Title: How much losing is still fun?
Post by: rawma on January 19, 2015, 07:30:22 PM
Quote from: dbm;810756Only the PCs or certain monsters (for example Dragons) get the benefit of the escalation dice. You don't see people stalling in the early rounds, but they do hold back their 'big guns' until later in the fight when they are more likely to hit. It stops the round 1 nova and also stops fights from running on for ever (the dice starts at zero and counts up to six; I've never seen it get to six yet).

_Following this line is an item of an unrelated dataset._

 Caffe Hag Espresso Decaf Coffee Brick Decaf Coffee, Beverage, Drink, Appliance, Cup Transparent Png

13th Age uses an evolution of the 4e ADEU power system, so most classes have a range of at will, encounter and daily abilities (though not all). So people hold back dailies until later in the fight and don't even use encounter powers until round 3 or so unless things are desperate. It works well as a pacing mechanism in our experience. It's the single biggest innovation in the system in my opinion.

ETA: another interesting factor is some powers interact with the Escalation dice. So, for example there are abilities which only work on an even value of die, or others which have additional benefits when the die is above a specific number.

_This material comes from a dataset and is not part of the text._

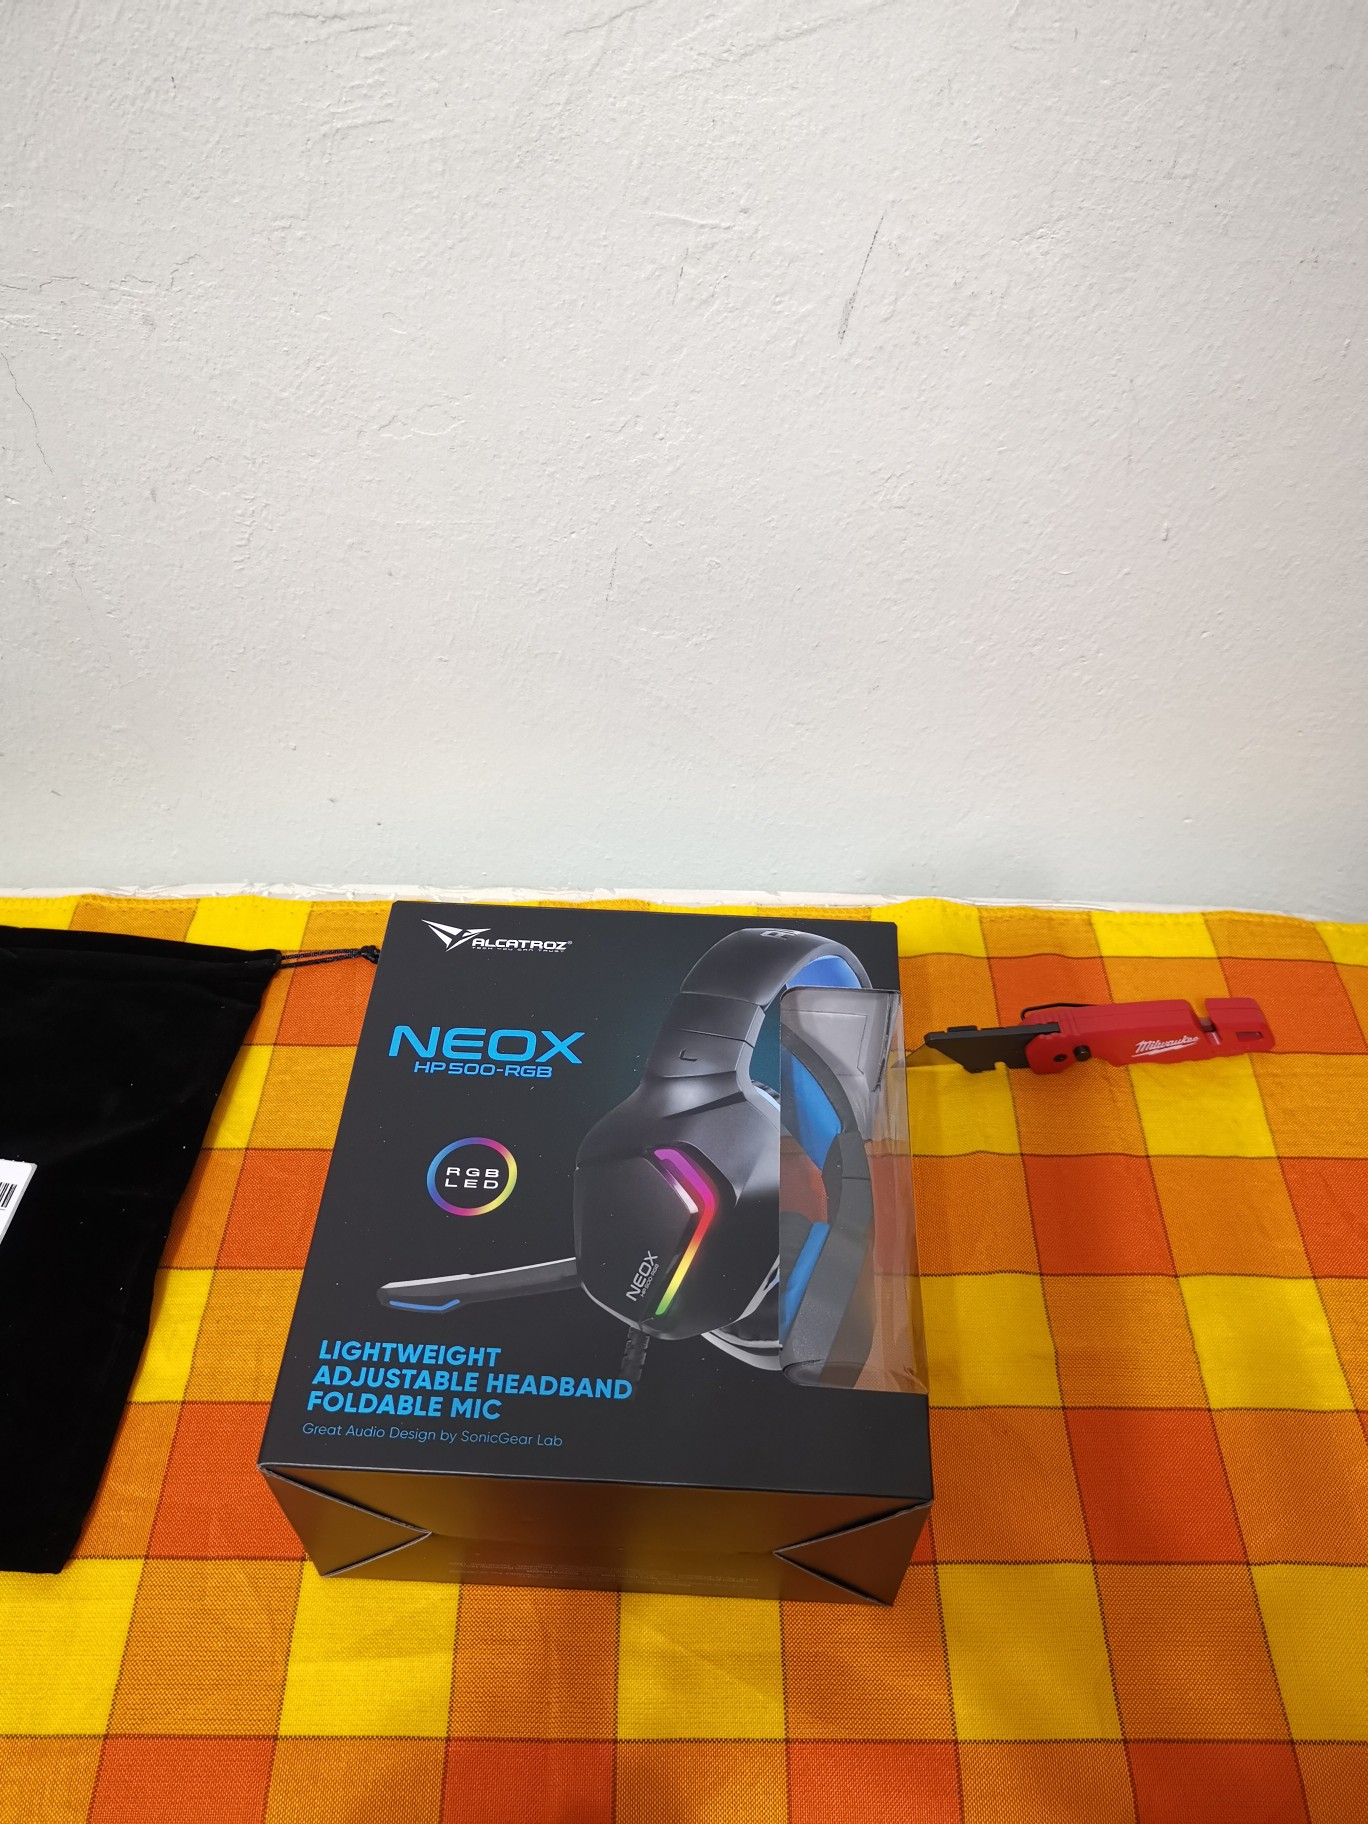 Alcatroz NEOX HP500 RGB Gaming Headset

I downloaded the SRD; a quick perusal finds "If the GM judges that the characters are avoiding conflict rather than bringing the fight to the bad guys, the escalation die doesn't advance. If combat virtually ceases, the escalation die resets to 0." I like it so far, given your report from actual play (this would probably be a case where whiteroom analysis would be untrustworthy). Further study planned, when I get through everything else that's already in the queue. :)
Title: How much losing is still fun?
Post by: dbm on January 19, 2015, 07:52:03 PM
Quote from: rawma;810783I downloaded the SRD; a quick perusal finds "If the GM judges that the characters are avoiding conflict rather than bringing the fight to the bad guys, the escalation die doesn't advance. If combat virtually ceases, the escalation die resets to 0."

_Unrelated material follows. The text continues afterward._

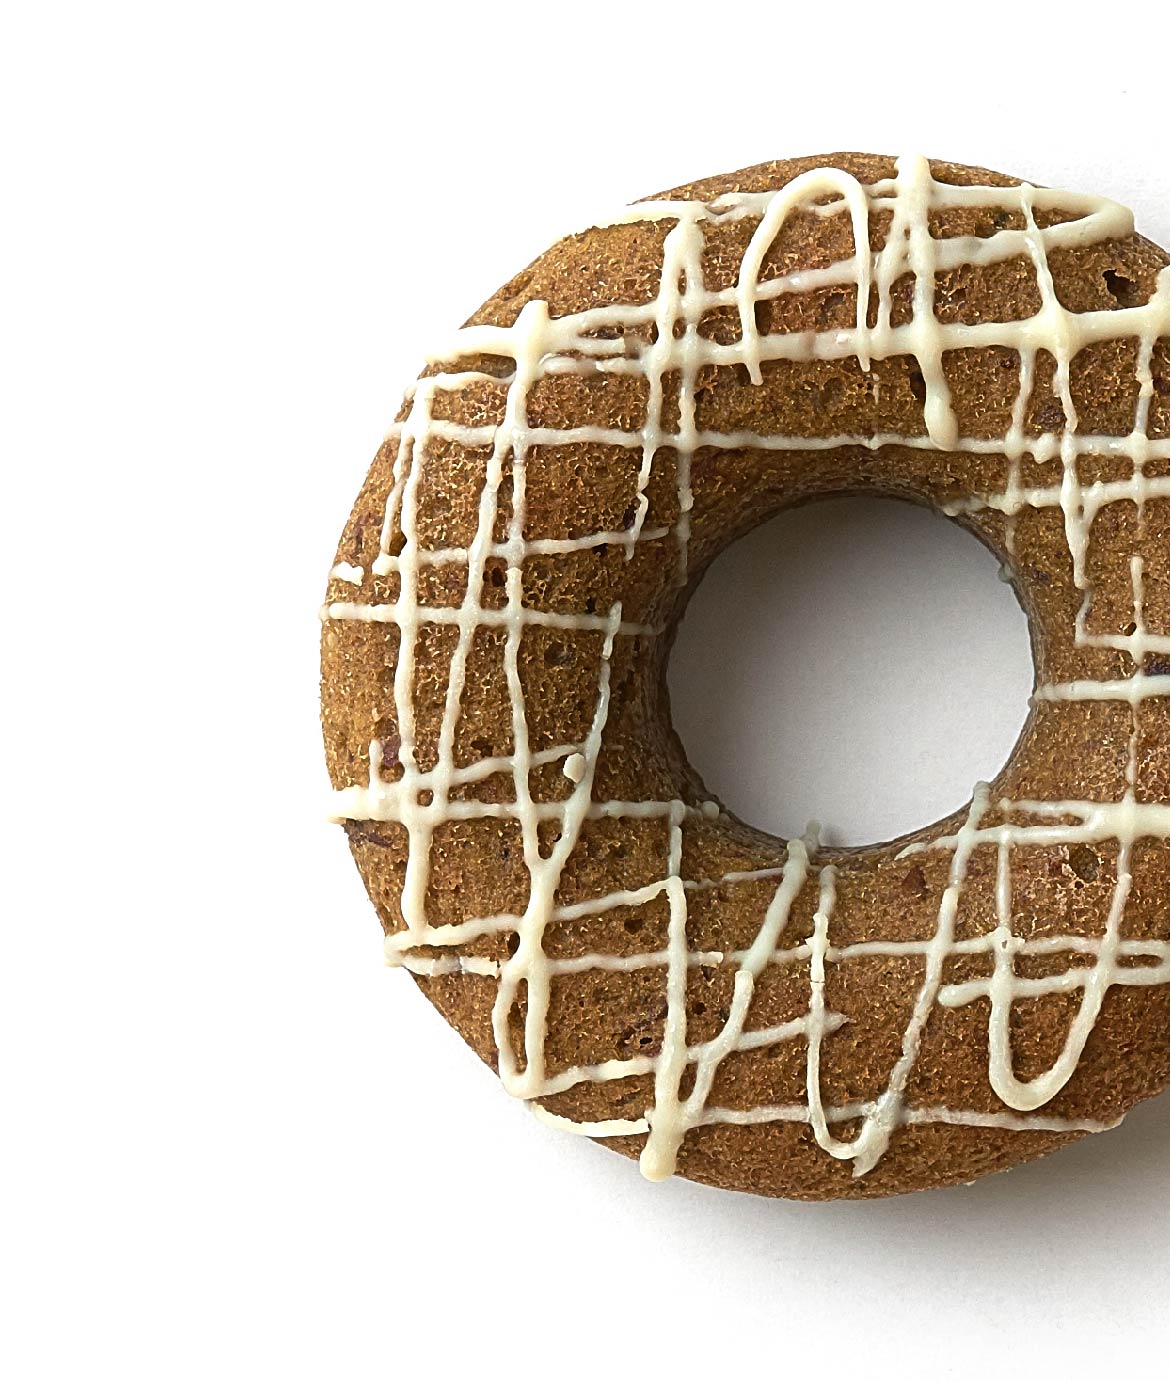 matcha azuki doughnut

I think our GM threatened to decrement the dice once when we were prevaricating in a combat; we soon changed our approach. ;)
Title: How much losing is still fun?
Post by: RPGPundit on January 25, 2015, 09:23:43 PM
I never do anything to diminish the chance of the PCs losing, and they know that in my games they are never guaranteed a win.  But still, more often than not, what I'm surprised about is just how often they do manage to win, and just how creative they are about doing it.

I can't help but assume that if they felt sure they'd 'win' no matter what, they wouldn't bother to be that creative.